До встречи с двумя молодыми англичанами мне не приходилось общаться с людьми, которые говорили бы по-английски между собой и не по заданию учителя. Мне, когда я мучительно учил английский, всегда интересно было узнать: применим ли этот язык на практике, работает ли он? Оказалось, что он был применим. Это меня и удивило.
Услыхав, что пришедшие к нам в купе парни говорят на непонятном языке, Виталич встал с места и, кряхтя, приопустил окно.
– Англичане… – сам себе сказал он, – они к нашему духу непривычные.
Английские попутчики очень обрадовались тому, что я их понимаю и могу говорить. Я, конечно, понимал далеко не всё. Я не мог себе представить, что настоящие англичане так бегло и неразборчиво говорят. Уверен, что наша учительница по английскому языку и тем более завуч невысоко оценили бы произношение тех ребят, но смогли бы его исправить за полгода, если бы те усердно занимались и ходили на дополнительные занятия.
Высокого звали Мюррей, а рыжего Джон. Они ехали поездом из Пекина. Им хотелось доехать до Лондона обязательно по железной дороге. Даже Ла-Манш они хотели пересечь на железнодорожном пароме. Тоннеля под этим проливом тогда ещё не было. Они долго пробыли в Китае по каким-то миссионерским церковным делам, это я не очень хорошо понял.

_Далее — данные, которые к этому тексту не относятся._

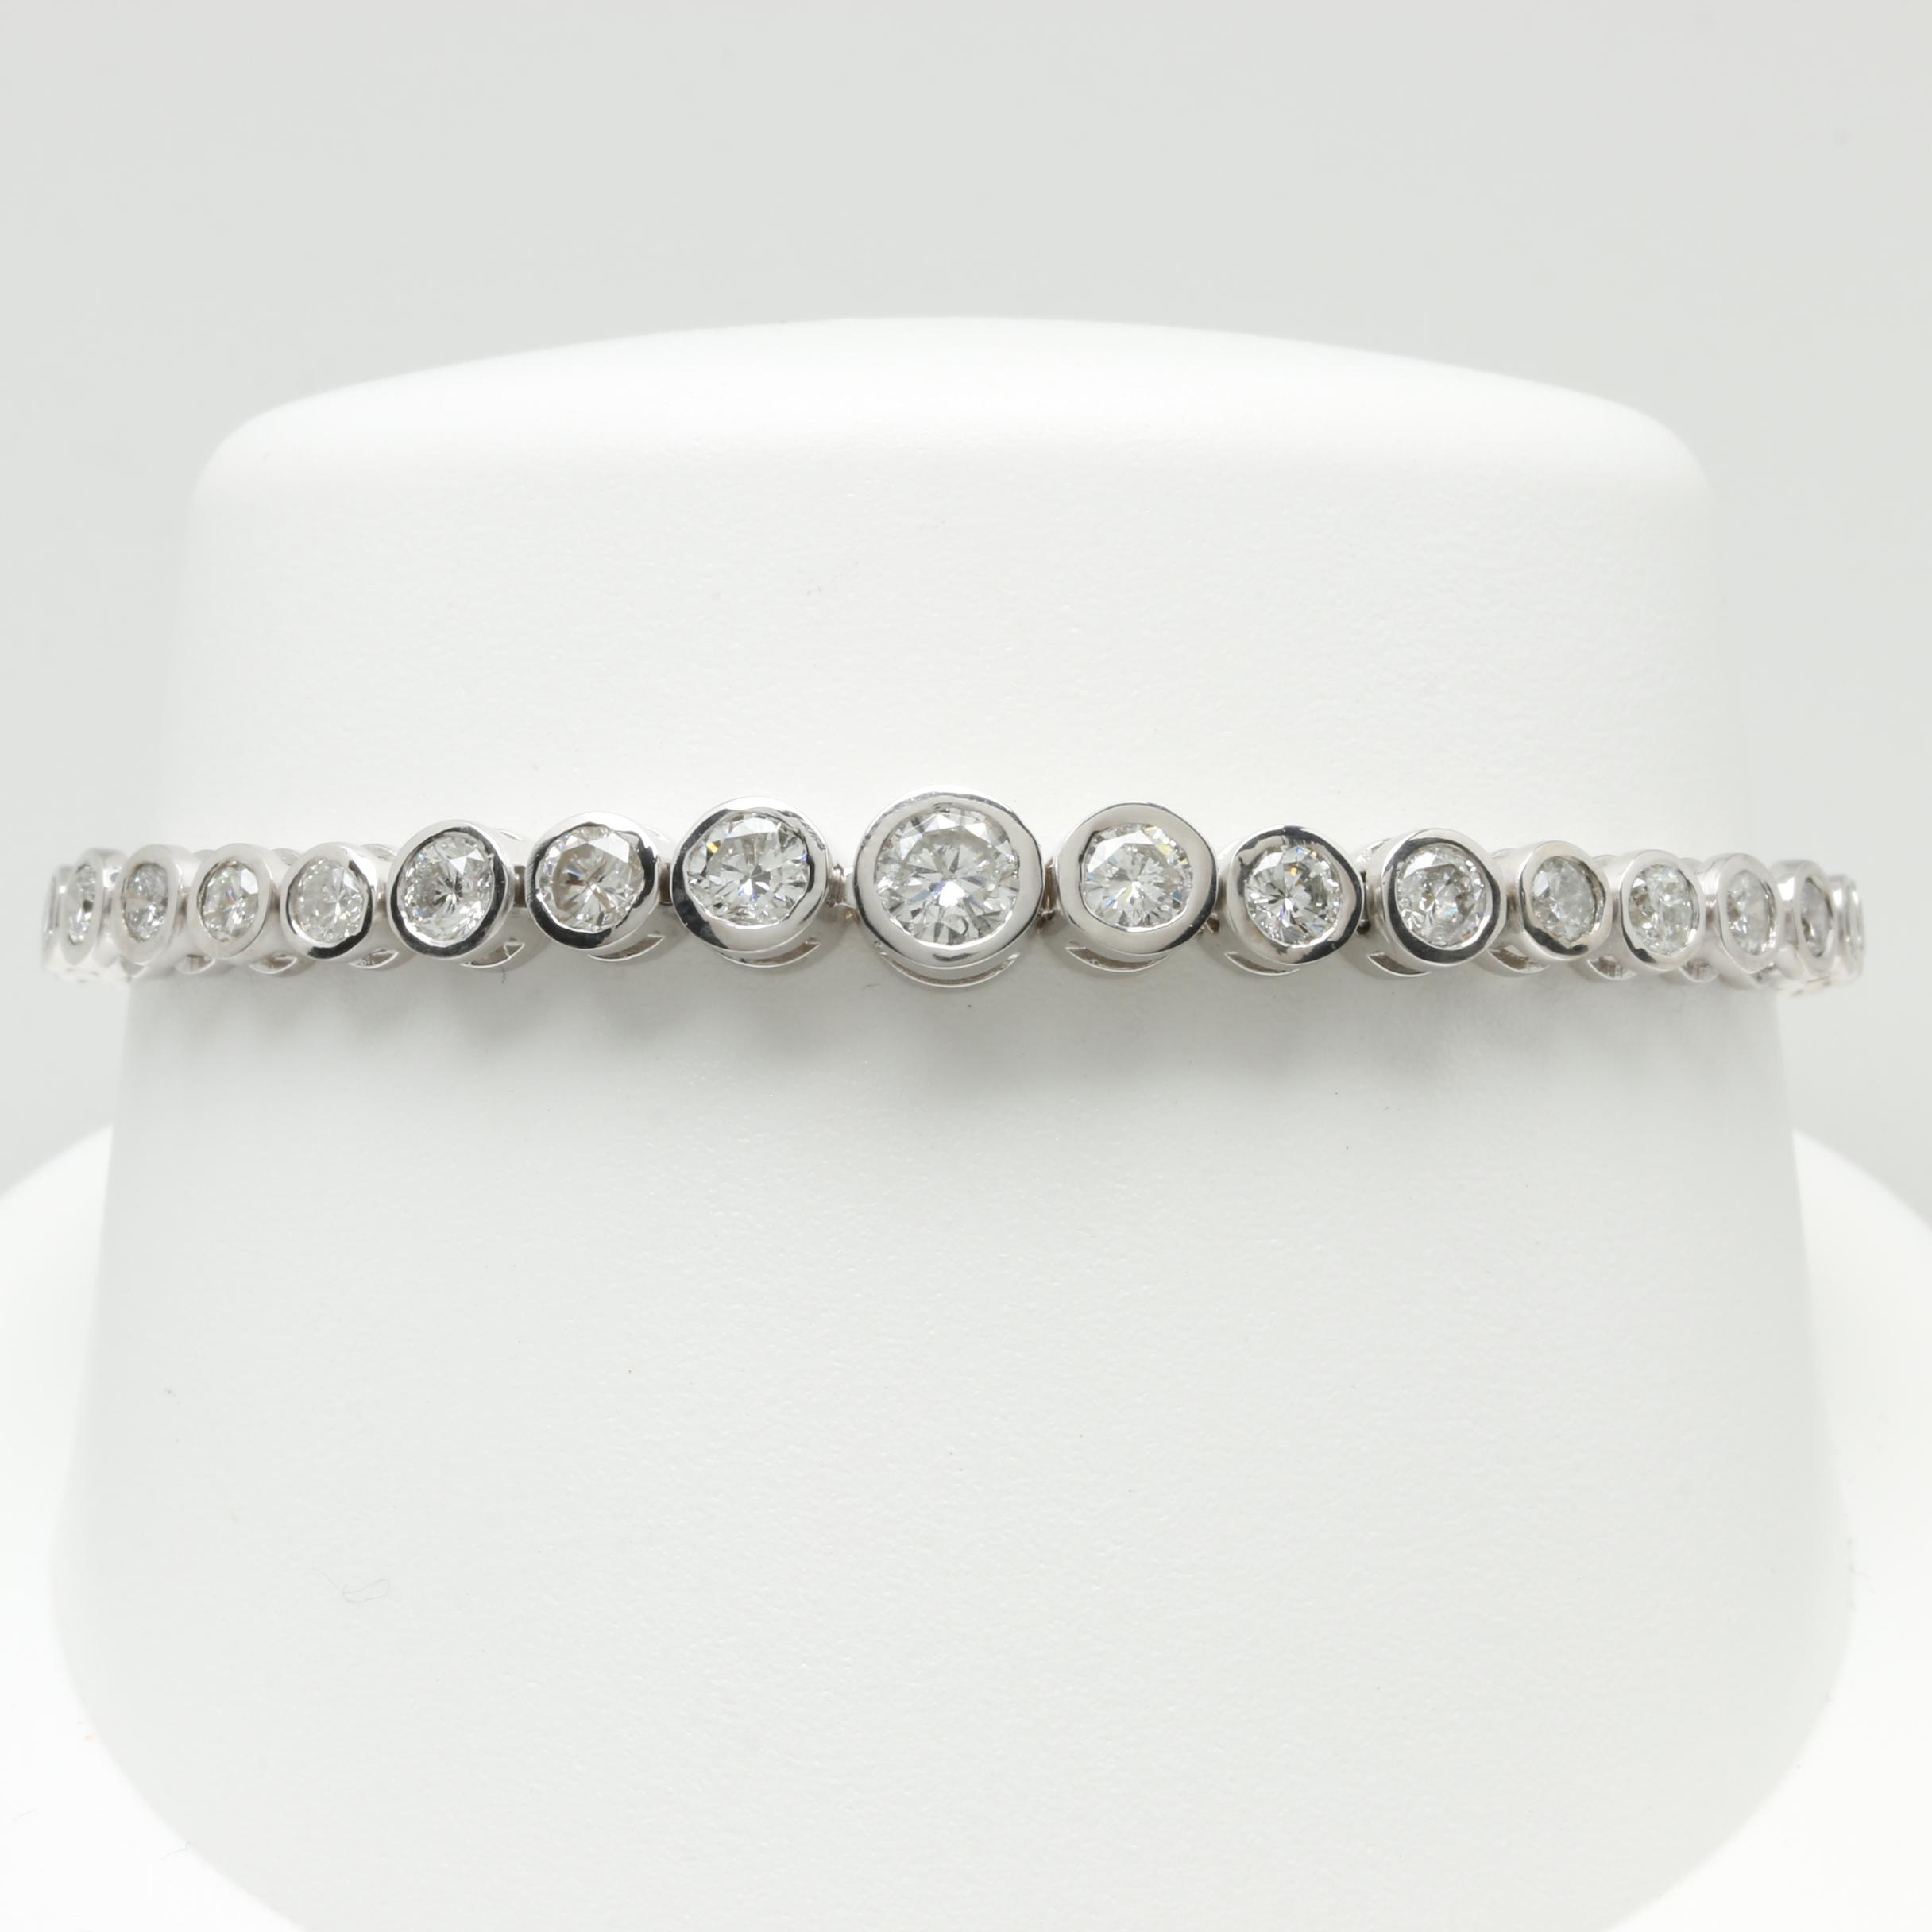 14K White Gold 4.75 CTW Diamond Tennis Bracelet

Мы много говорили. Они впервые путешествовали по России. Им было интересно. И хоть Мюррей и Джон уже успели проехать полстраны по Транссибирской магистрали, но видели они только вокзалы, мрачные пригороды и много-много деревьев в окне поезда. Поговорить же им ни с кем не удавалось. Я был первым их русским попутчиком, который как-то говорил по-английски.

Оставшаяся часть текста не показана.